CYPAN – D

CYPAN D

Pharmacology of Drug -Pantoprazole

Mechanism of Action
Pantoprazole is a proton pump inhibitor. It is a prodrug. After administration it diffuses in to the parietal cell of the stomach and accumulates in the secretory canaliculi. In the acidic medium Pantoprazole is converted to sulfenamide. This sulfenamide covalently interacts with sulfhydryl (SH) group in the proton pump (H+ K+ATPase) and inhibits the exchange of extracellular K+ for intracellular H+ ion. Pantoprazole irreversibly inhibits proton pumps activity and decreases gastric acid secretion. Pantoprazole is more acid stable and its activity is lowered in higher pH. It is the only proton pump inhibitor which is available as parenteral form.

Pharmaco Kinetics
Absorption: Pantoprazole is well absorbed after oral administration. Its bioavailability is about 77% since it`s undergoes first pass metabolism. Distribution: It is widely distributed in the body in protein bound form. Metabolism: Pantoprazole is extensively metabolised in the liver.
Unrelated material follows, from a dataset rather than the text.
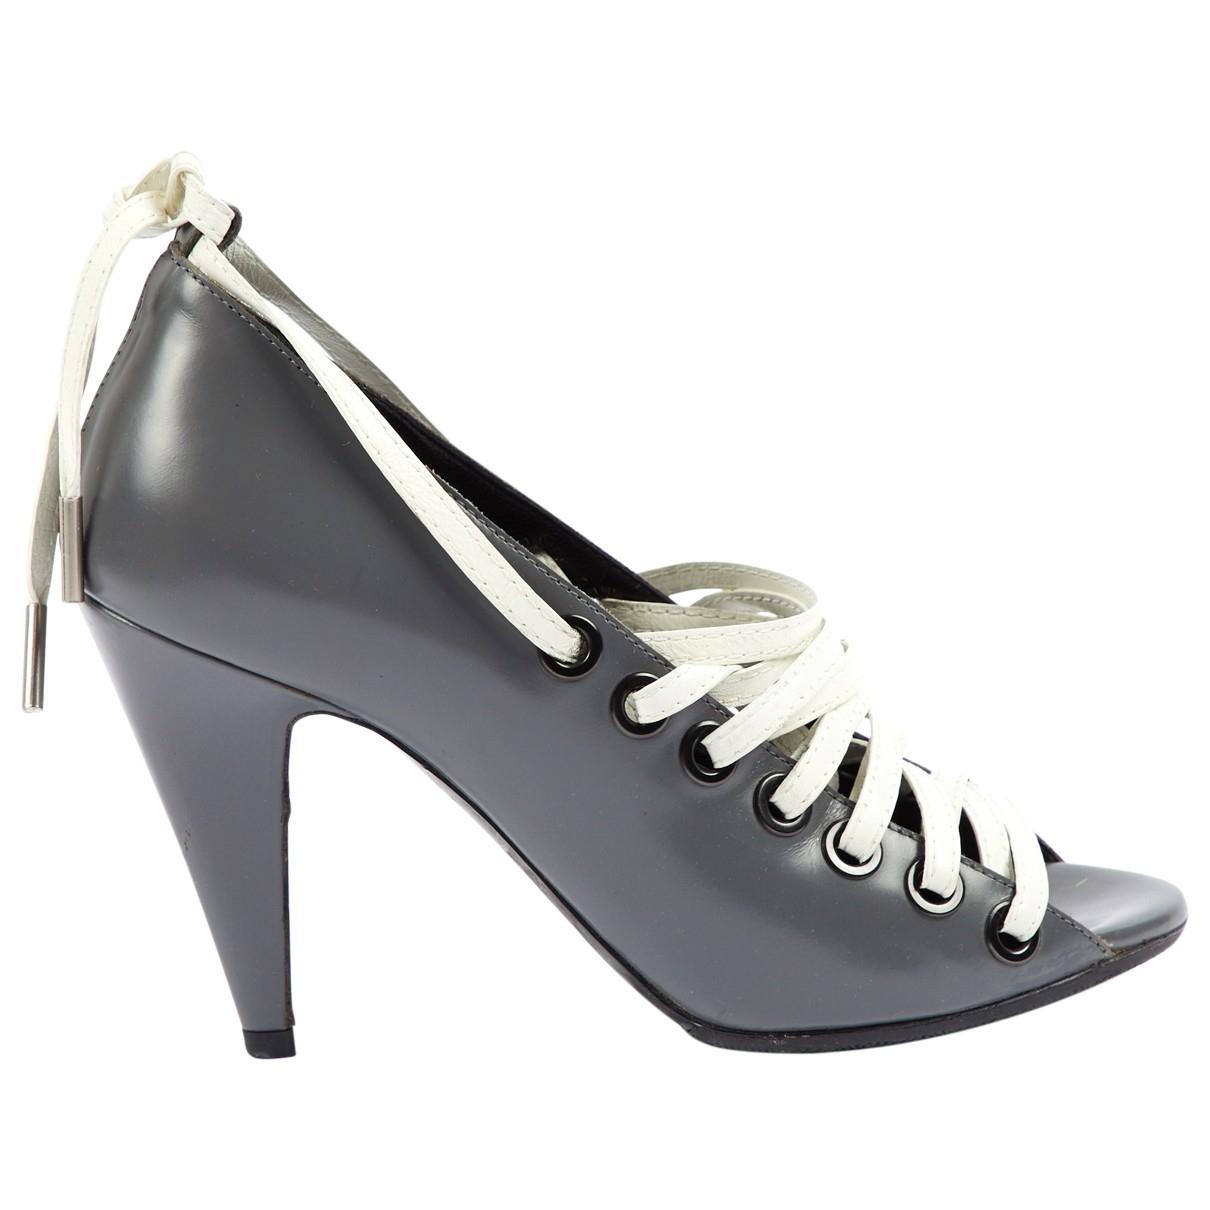 Balenciaga \N Pumps in  Grau Leder
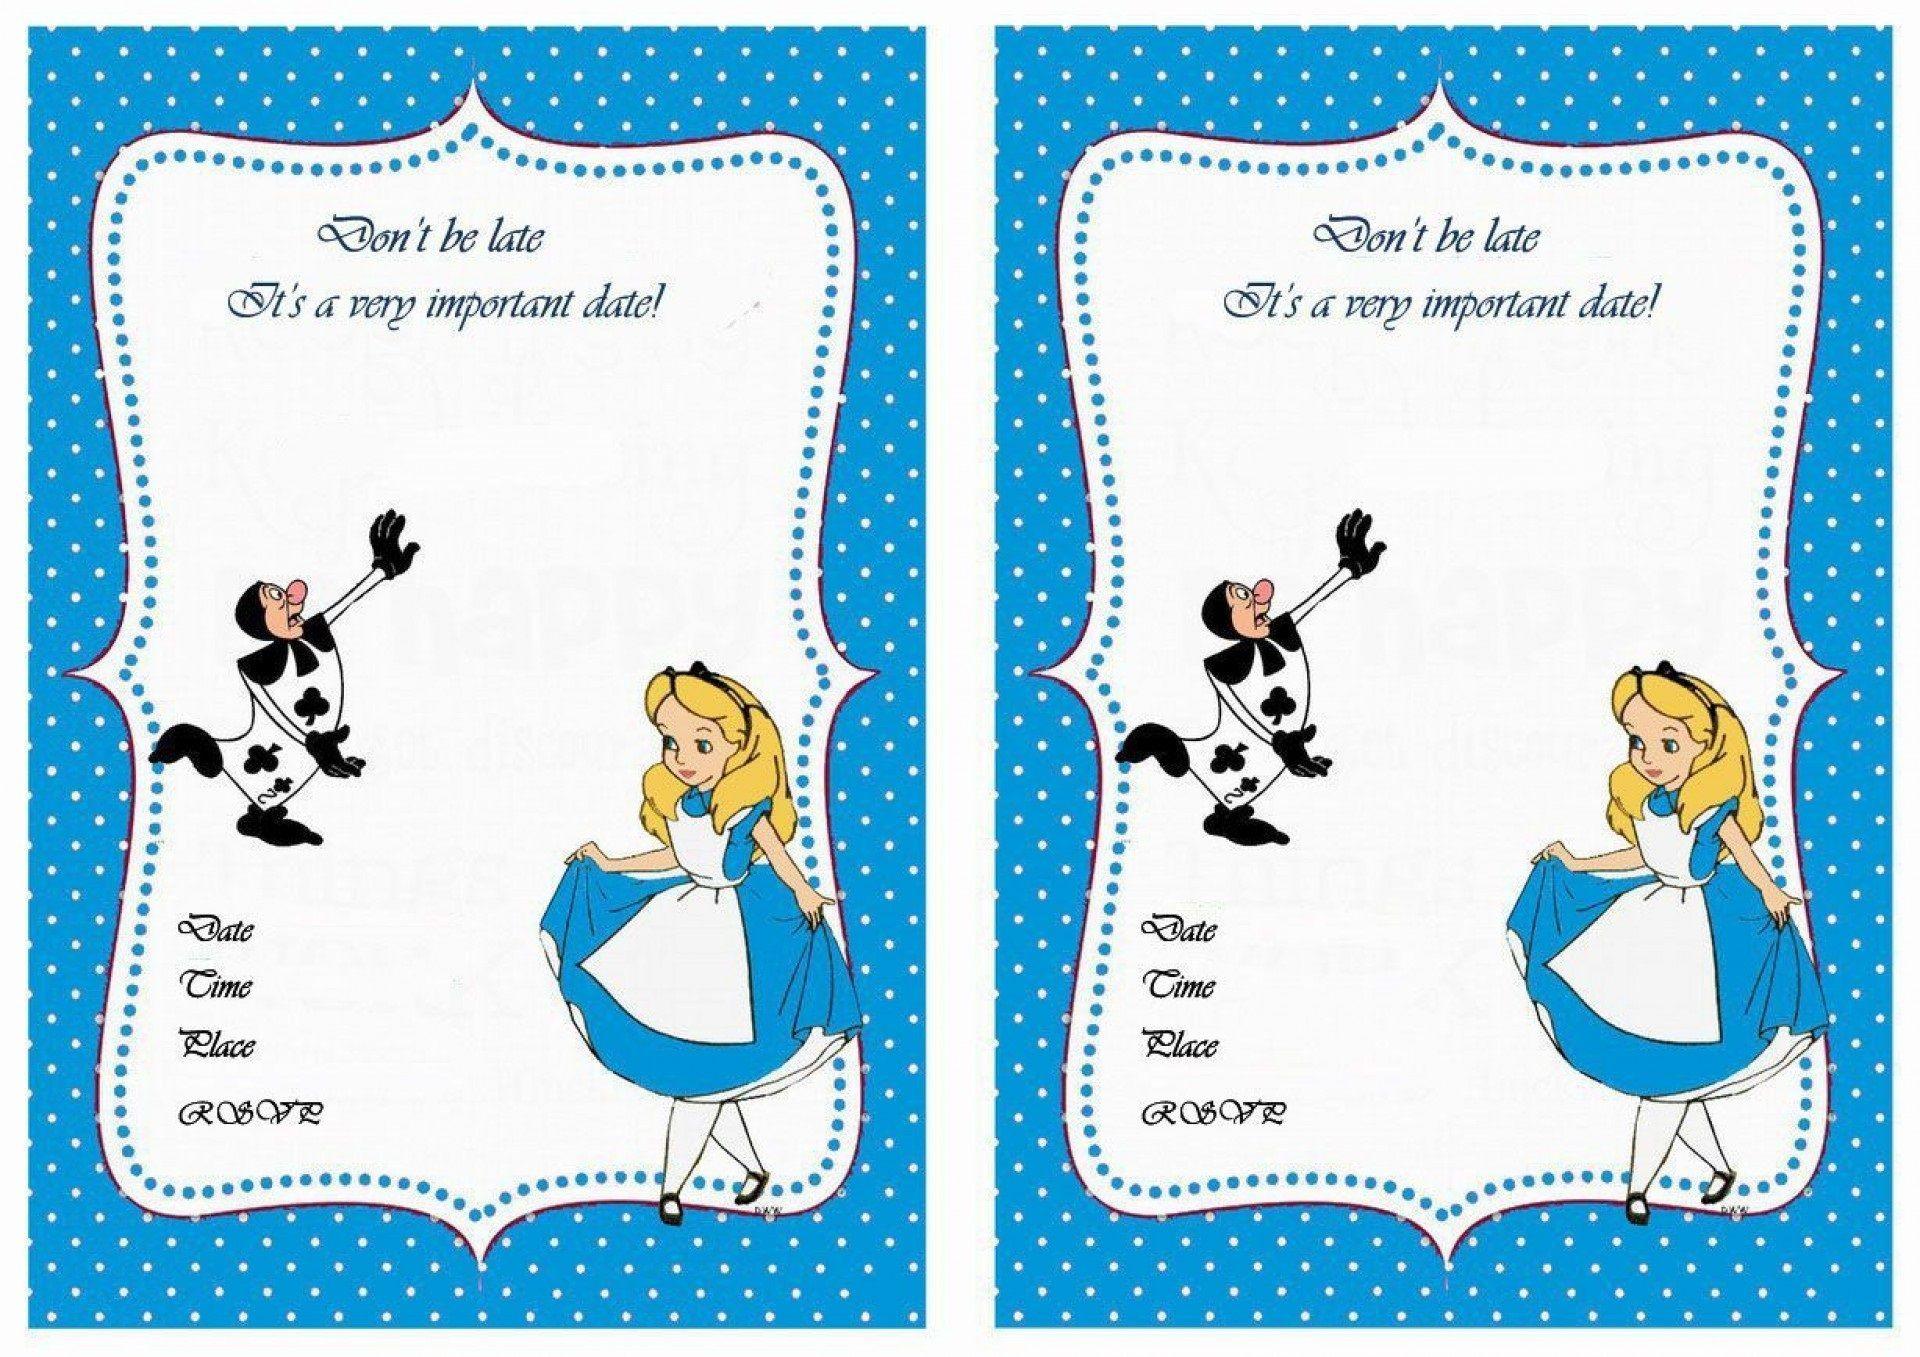 007 Marvelou Alice In Wonderland Invitation Template Download Photo  Free1920

Excretion: It is excreted mainly in the urine and small amount in faeces.

Onset Of Action 2-4 hours

Half Life
60 minutes

Duration Of Action
1 day

Adverse Effects

1. Diarrhoea 2. Nausea 3. Vomiting 4. Headache 5. Flatulence 6. Abdominal pain 7. Pruritis 8. Dizziness 9. Rash
ContraIndications 1. Hypersensitivity to Pantoprazole

Special Precautions

1. Hepatic impairment 2. Monitor liver function 3. Avoid prolonged use

Pregnancy
Contraindicated

Breast Feeding
Contraindicated

Old Age
Use with caution

Children
Use with caution Below 12 years : Contraindicated

Interactions

Phenazone (antipyrine), diazepam, digoxin, theophylline, carbamazepine, diclofenac, phenprocoumon, phenytoin, warfarin, nifedipine, caffeine, metoprolol or ethanol : No clinically relevant interaction at therapeutic doses. Oral contraceptives : Does not appear to compromise hormonal contraceptive efficacy as no interaction with a low dose combined oral contraceptive has been seen.

Indications

1. Duodenal ulcer 2. Benign Gastric ulcer 3. Zollinger- Ellison syndrome 4. Gastroesophageal reflux disease

Dosage

Oral : Adult: 20-40mg / day before breakfast. Duodenal ulcer: 40mg / day to be taken before breakfast for 2 – 4 weeks. Benign Gastric ulcer: 40mg / day to be taken before breakfast for 1 – 2months. Zollinger- Ellison syndrome: 80 mg / day in 2 divided doses increase the dose to 240 mg/ day if needed. Gastroesophageal reflux disease: 20 – 40 mg / day to be taken before breakfast for 1 month and continue the treatment for 1 more month if needed. Parenteral: 40 mg once daily as IV injection over 15 minutes. Children below 12 years : Not recommended

Schedule
H

Storage

Store at 15 – 30 degree C in a tightly closed container. Protect from light.

Over Dose
Give supportive measures and symptomatic treatment.